A mixed model is a regression model of observations that allows for random variation at two different levels. In this section we will focus on mixed models in an exponential family context. Mixed models can be considered in greater generality but there will then be little shared structure and one has to deal with the models much more on a case-by-case manner.

In a mixed model we have observations \(y_j \in \mathcal{Y}\) and \(z \in \mathcal{Z}\) such that:

  • the distribution of \(z\) is an exponential family with canonical parameter \(\theta_0\)
  • conditionally on \(z\) the \(y_j\)s are independent with a distribution from an exponential family with sufficient statistics \(t_j( \cdot \mid z)\).

This definition emphasizes how the \(y_j\)s have variation at two levels. There is variation in the underlying \(z\), which is the first level of variation (often called the random effect), and then there is variation among the \(y_j\)s given the \(z\), which is the second level of variation. It is a special case of hierarchical models (Bayesian networks with tree graphs) also known as multilevel models, with the mixed model having only two levels. When we observe data from such a model we typically observe independent replications, \((y_{ij})_{j=1, \ldots, m_i}\) for \(i = 1, \ldots, n\), of the \(y_j\)s only. Note that we allow for a different number, \(m_i\), of \(y_j\)s for each \(i\).
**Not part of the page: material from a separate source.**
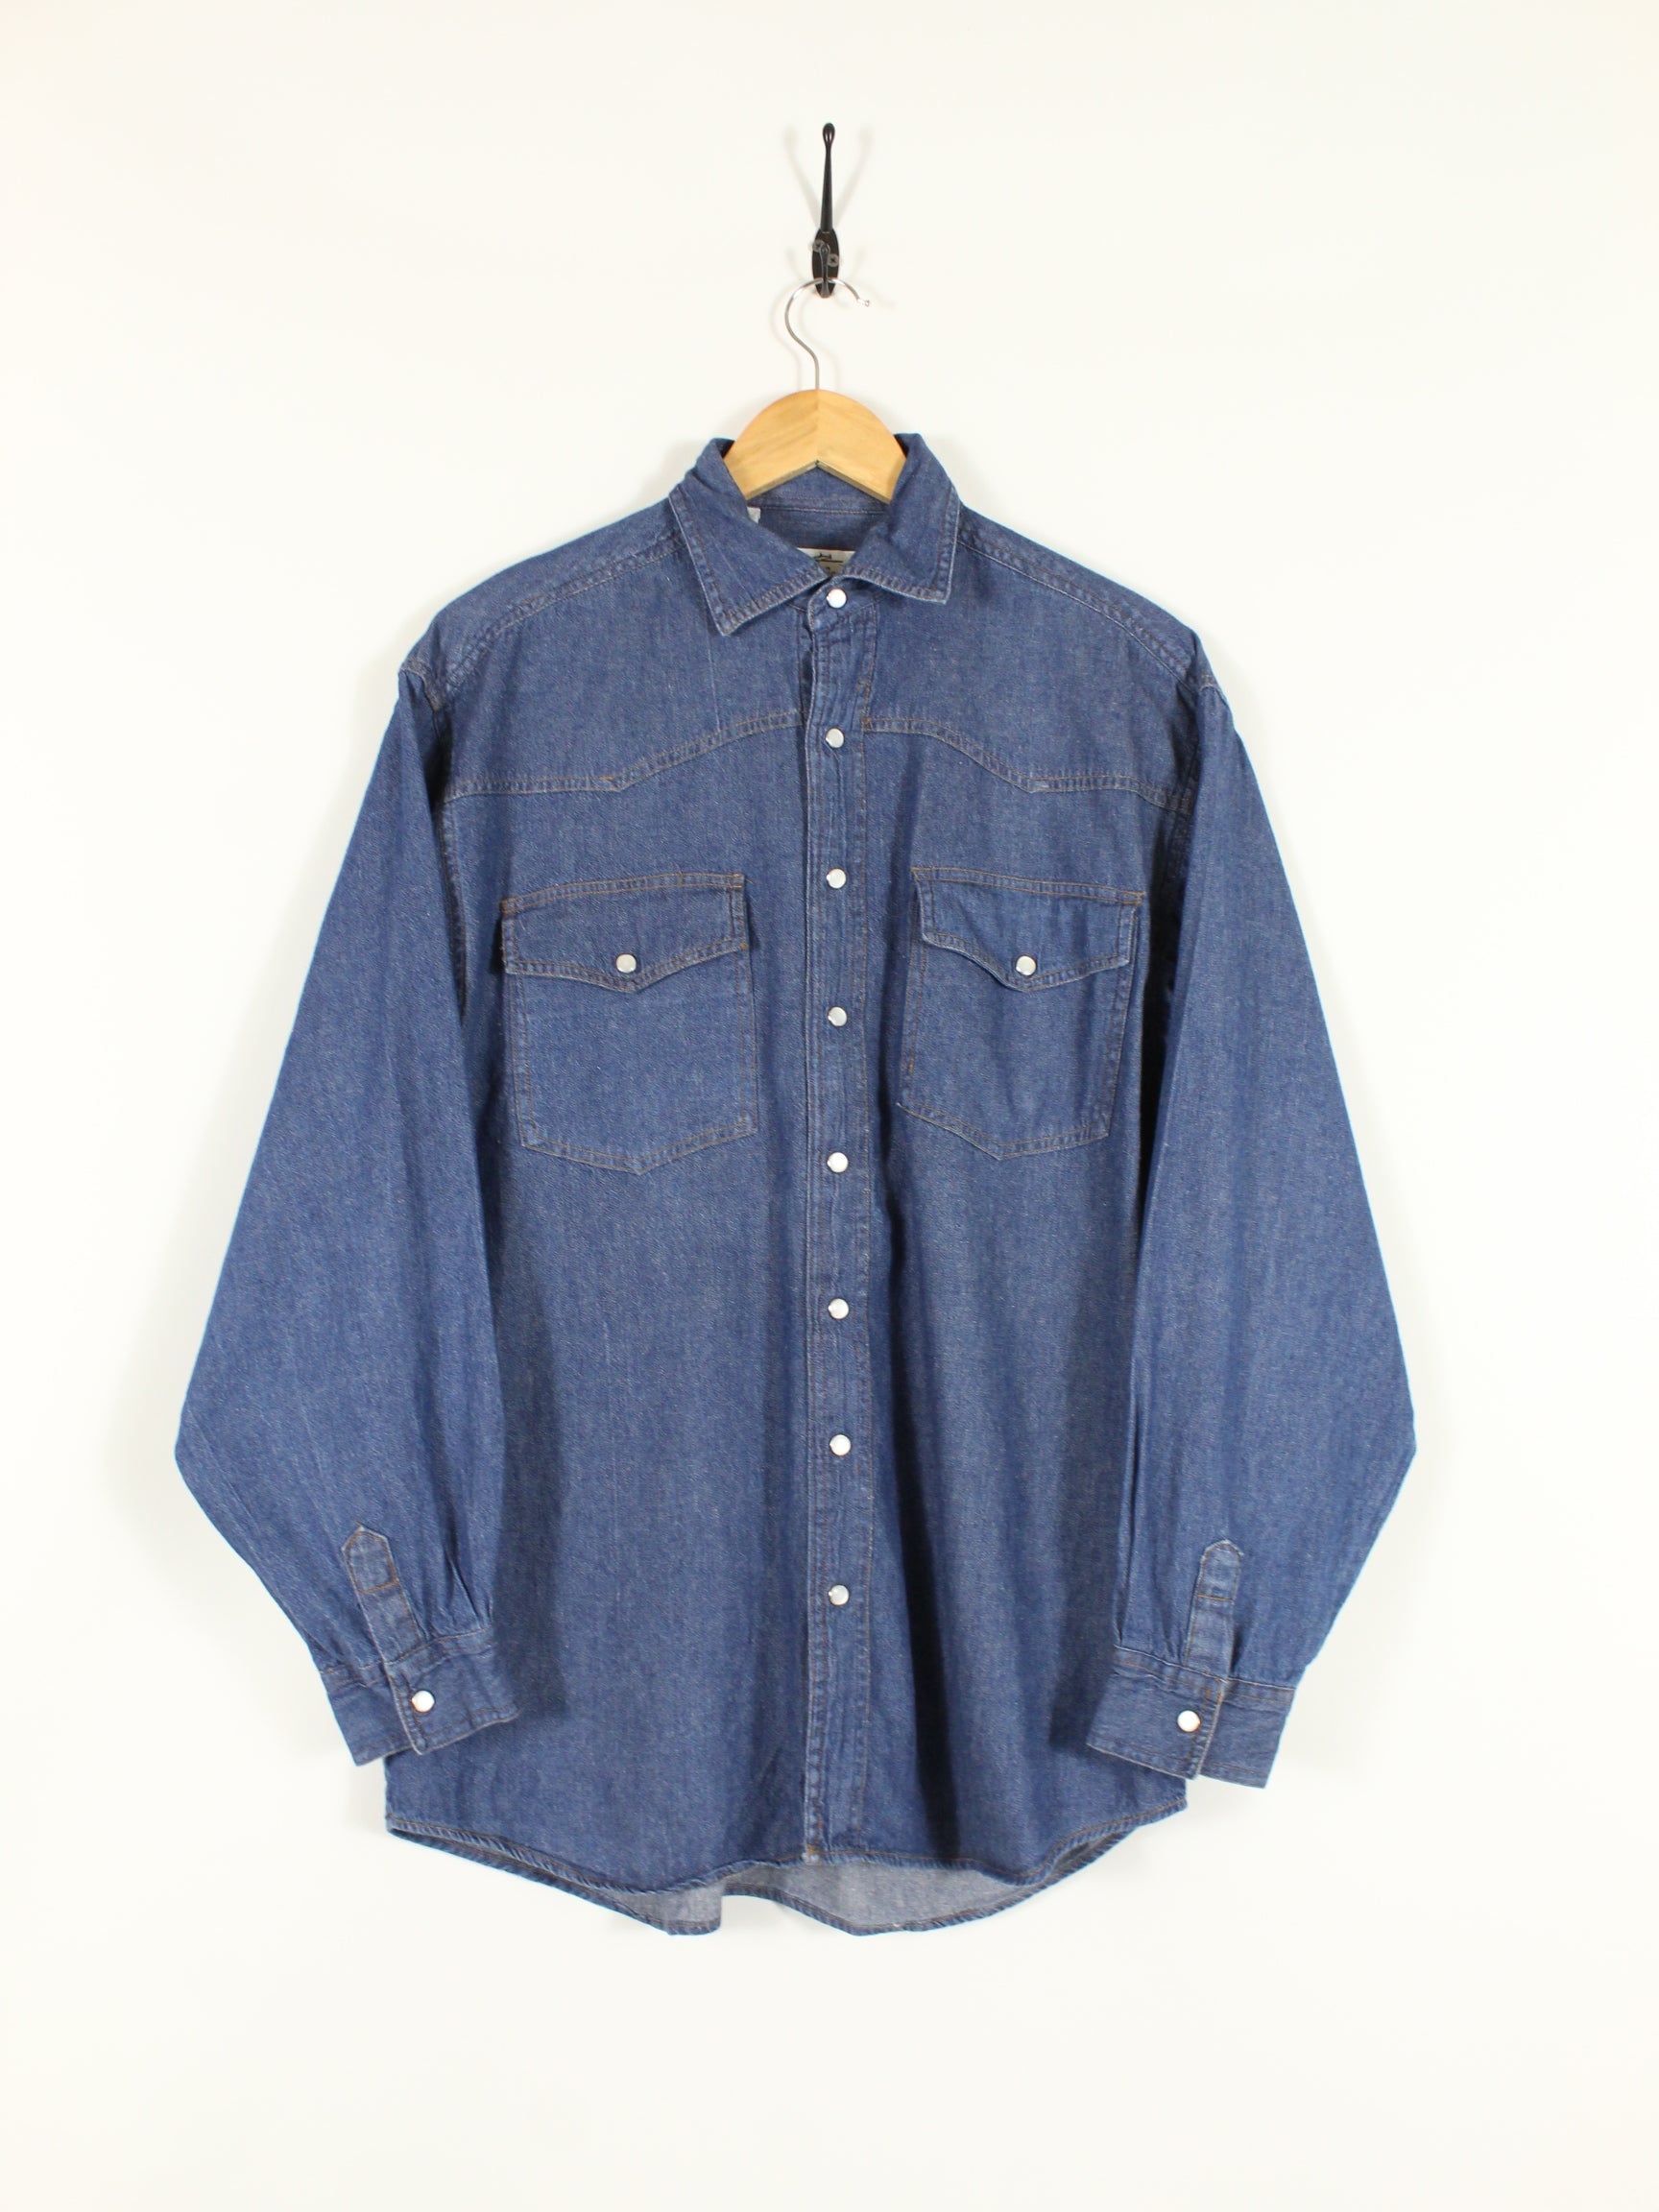 Vintage Denim Shirt (M)

The simplest class of mixed models is obtained by \(t_j = t\) not depending on \(j\), and \[t(y_j \mid z) = \left(\begin{array}{cc} t_1(y_j) \\ t_2(y_j, z) \end{array} \right)\] for some fixed maps \(t_1 : \mathcal{Y} \mapsto \mathbb{R}^{p_1}\) and \(t_2 : \mathcal{Y} \times \mathcal{Z} \mapsto \mathbb{R}^{p_2}\). This is called a random effects model (this is a model where there are no fixed effects in the sense that \(t_j\) does not depend on \(j\), and given the random effect \(z\) the \(y_j\)s are i.i.d.). The canonical parameters associated with such a model are \(\theta_0\) that enters into the distribution of the random effect, \(\theta_1 \in \mathbb{R}^{p_1}\) and \(\theta_2 \in \mathbb{R}^{p_2}\) that enter into the conditional distribution of \(y_j\) given \(z\).

Example 8.5 The special case of a Gaussian, linear random effects model is the model where \(z\) is \(\mathcal{N}(0, 1)\) distributed, \(\mathcal{Y} = \mathbb{R}\) (with base measure proportional to Lebesgue measure) and the sufficient statistic is \[t(y_j \mid z) = \left(\begin{array}{cc} y_j \\ - y_j^2 \\ zy_j \end{array}\right).\] There are no free parameters in the distribution of \(z\).
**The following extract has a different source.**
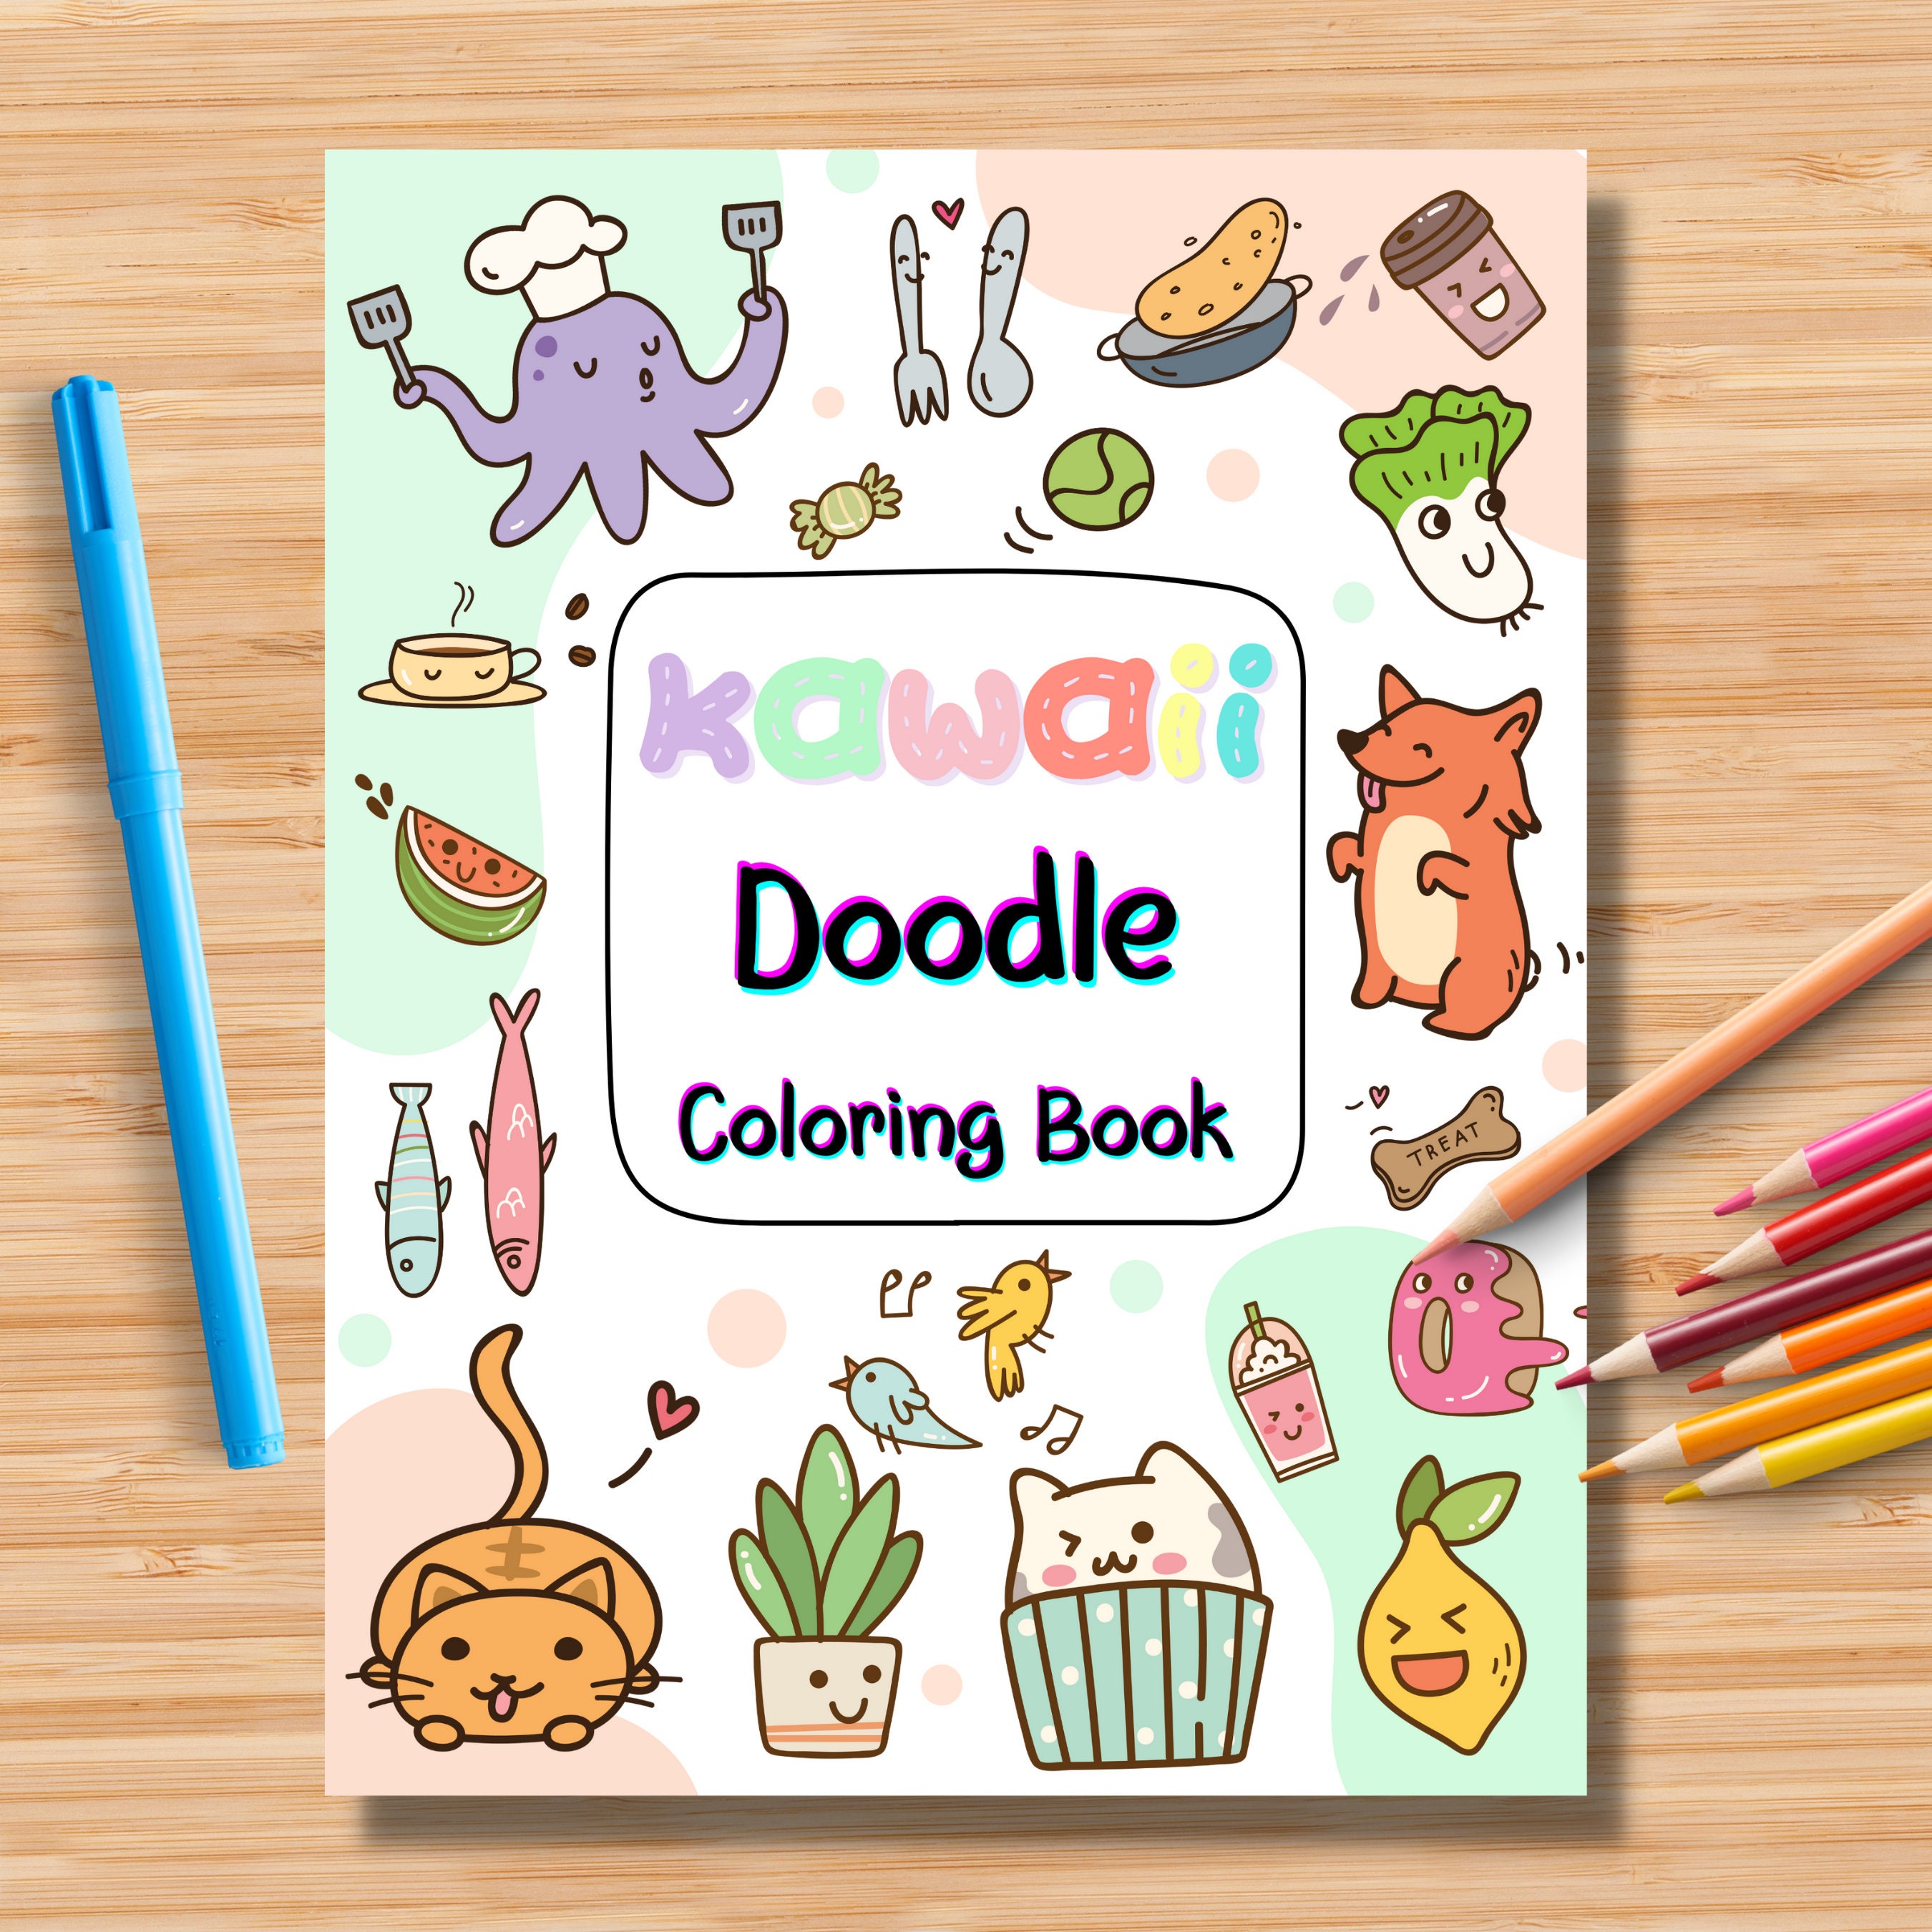 PRINTABLE Cute kawaii Coloring Page, Hand-Drawn Coloring Sheet, cute  Doodles Coloring Page, Kids Coloring Page, Adult Coloring

From Example 8.3 it follows that the conditional variance of \(y\) given \(z\) is \[\sigma^2 = \frac{1}{2\theta_2}\] and the conditional mean of \(y\) given \(z\) is \[\frac{\theta_1 + \theta_3 z}{2 \theta_2} = \sigma^2 \theta_1 + \sigma^2 \theta_3 z.\] Reparametrizing in terms of \(\sigma^2\), \(\beta_0 = \sigma^2 \theta_1\) and \(\nu = \sigma^2 \theta_3\) we see how the conditional distribution of \(y_j\) given \(z\) is \(\mathcal{N}(\beta_0 + \nu z, \sigma^2)\). From this it is clear how the mixed model of \(y_j\) conditionally on \(z\) is a regression model. However, we do not observe \(z\) in practice.

Using the above distributional result we can see that the Gaussian random effects model of observations \(y_{ij}\) can equivalently be stated as

\[Y_{ij} = \beta_0 + \nu Z_i + \varepsilon_{ij}\]

for \(i = 1, \ldots, n\) and \(j = 1, \ldots, m_i\) where \(Z_1, \ldots, Z_N\) are i.i.d. \(\mathcal{N}(0, 1)\)-distributed and independent of \(\varepsilon_{11}, \varepsilon_{12}, \ldots, \varepsilon_{1n_1}, \ldots, \varepsilon_{mn_m}\) that are themselves i.i.d. \(\mathcal{N}(0, \sigma^2)\)-distributed.